Hamisi Saidi Kizondo v Hassan Saidi Dele & another [1992] KEHC 193 (KLR) | Transfer Of Suit | Esheria

Hamisi Saidi Kizondo v Hassan Saidi Dele & another [1992] KEHC 193 (KLR)

Full Case Text

REPUBLIC OF KENYA

IN THE HIGH COURT OF KENYA AT MOMBASA

MISCELLANEOUS CIVIL APPLICATION NO 42 OF 1992

HAMISI SAIDI KIZONDO .................................APPLICANT

VERSUS

HASSAN SAIDI DELE ................................RESPONDENT

MAJOR HENRY MWALUGHA..................RESPONDENT

RULING

This application by way of a summons in chambers is brought to this Court under section 18 of the Civil Procedure Act. It seeks an order that

“this Honourable Court be pleased to transfer Kwale RMCC No 29 of 1991 from the Kwale Resident Magistrate to Mombasa”.

The suit in the Court of the Resident Magistrate was instituted by two people namely Hassan Saidi Dele and Major Henry Mwalugha who are the respondents to this application. They oppose the application for transfer. The applicant herein, Hamisi Saidi Kizondo, is the defendant in the action before the magistrate. I think the applicant was wrong to bring this application to Court by way of a summons in chambers. Section 18 of the Civil Procedure Act under which the application is brought does not provide for the manner in which applications are to be made. I am not aware of any other provisions in the Civil Procedure Rules which deal with the manner of bringing an application for transfer to the Court. That left the applicant only with order 50 rule 1 which provides:-

“All applications to the Court, save where otherwise expressly provided for under these Rules, shall be by motion and shall be heard in open Court”.

This application should have been brought by way of notice of motion and not by a summons in chambers. The application was however not objected to on this score and I shall deal with it as though it was properly brought to Court.

As I have said, it is the respondents who sued the applicant in the Magistrate’s Court. There is no allegation that the respondents’ suit was wrongly filed in the Magistrate’s Court; in other words, it is not alleged that the magistrate has no jurisdiction to try the respondents’ case. The applicant had to file a defence to the action in the Magistrate’s Court and in his defence he raised a counterclaim. Under order VIII rule 2 the applicant was entitled to file his defence and to raise the counterclaim in the same defence. It would have been cumbersome for the applicant, to simply file his defence in the Magistrate’s Court and then file a separate suit in the High Court dealing with the matters raised in the counterclaim. It is agreed that the matters raised in the counterclaim are outside the jurisdiction of the Resident Magistrate at Kwale and it is on that basis that Mr Omwitsa for the respondents opposed the application, arguing that the counterclaim was “filed” in a Court without jurisdiction and accordingly this Court has no jurisdiction to transfer it.
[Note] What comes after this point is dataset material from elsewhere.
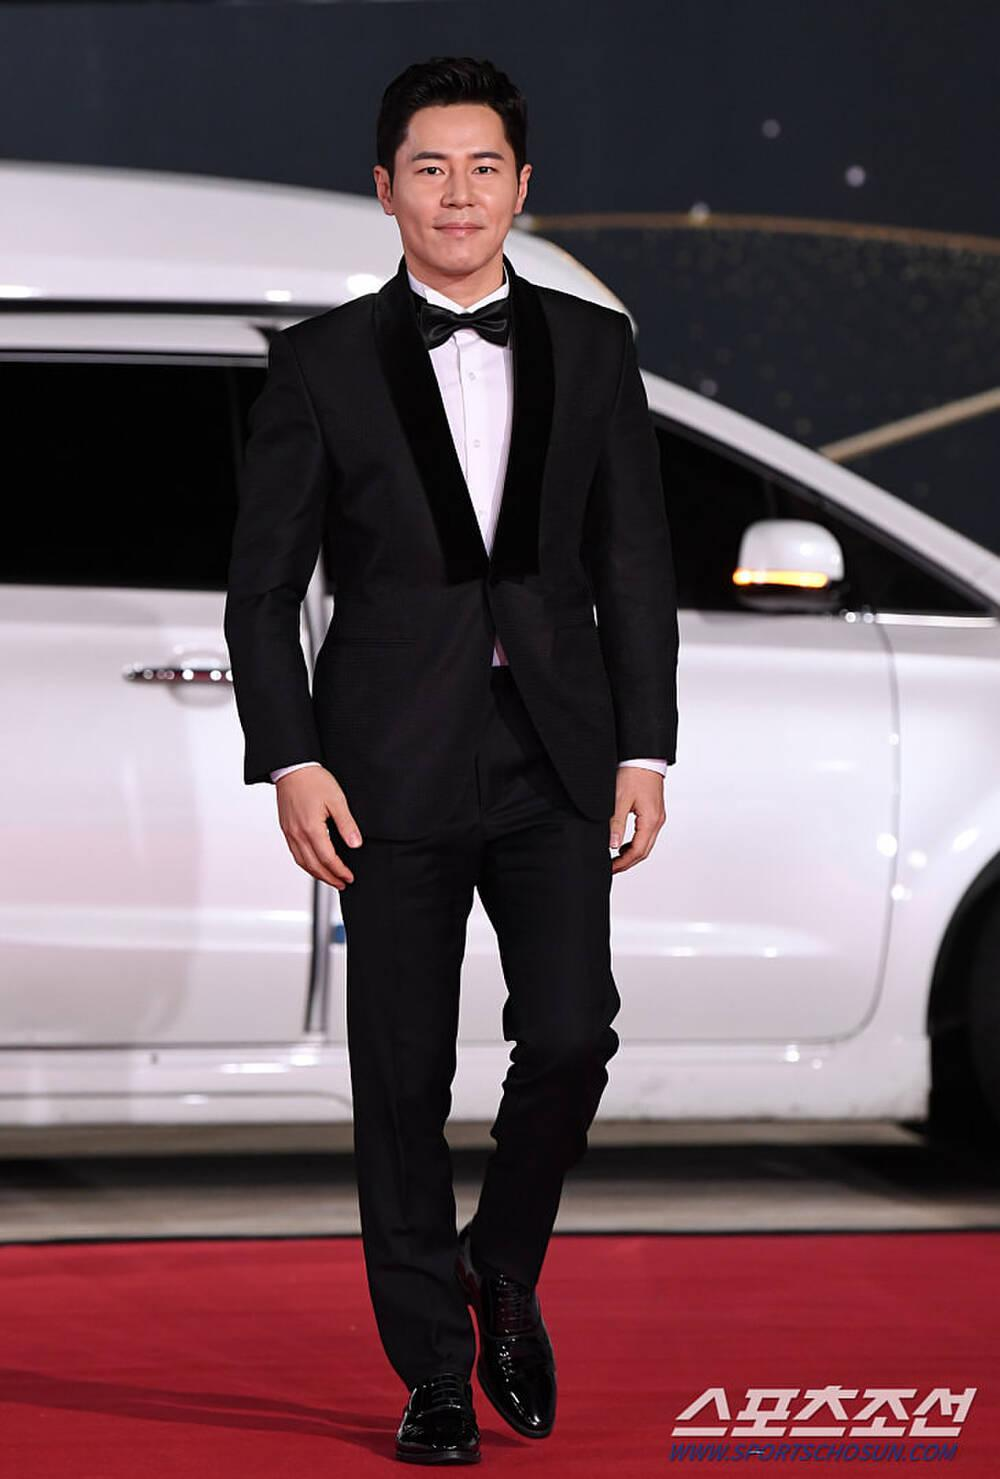 Thảm đỏ 'Rồng xanh 2020': Shin Hye Sun 'cân sắc' Shin Min Ah, Jung Woo Sung - Lee Byung Hun điển trai! Ảnh 39

Mr Omwitsa relied on the Uganda High Court case of Kagenyi v Musiramo and another[1968] EA 43, where the then Chief Justice of Uganda Sir Udo Udoma held that

“ an order for the transfer of a suit from one Court to another cannot be made unless the suit has been in the first instance brought to a Court which has jurisdiction to try it” - see “Holding” No 2 at pg 43.

The decision in the Ugandan case is not binding on me but even if it is right, it cannot apply in the circumstances of this case. In the Ugandan case, it was the plaintiff who, knowing well that the magistrate had no jurisdiction, instituted the suit in the Magistrate’s Court. In the present case, the applicant did not institute any suit in the Magistrate’s Court at Kwale. He had to file his defence to the claim made against him in the Kwale Court and as I have pointed out he was entitled to raise a counterclaim in the defence. He did exactly that and it is the claim made in the counterclaim itself that is outside the jurisdiction of the magistrate. In these circumstances I am satisfied the applicant is entitled to a transfer as prayed. Accordingly I grant this application in terms of the prayer contained in paragraph one of the summons dated the 21st February, 1992 and filed in Court on the 10th March 1992. The costs of the application shall be costs in the transferred case. These shall be my orders.

Dated and delivered at Mombasa this 22nd day of April , 1992.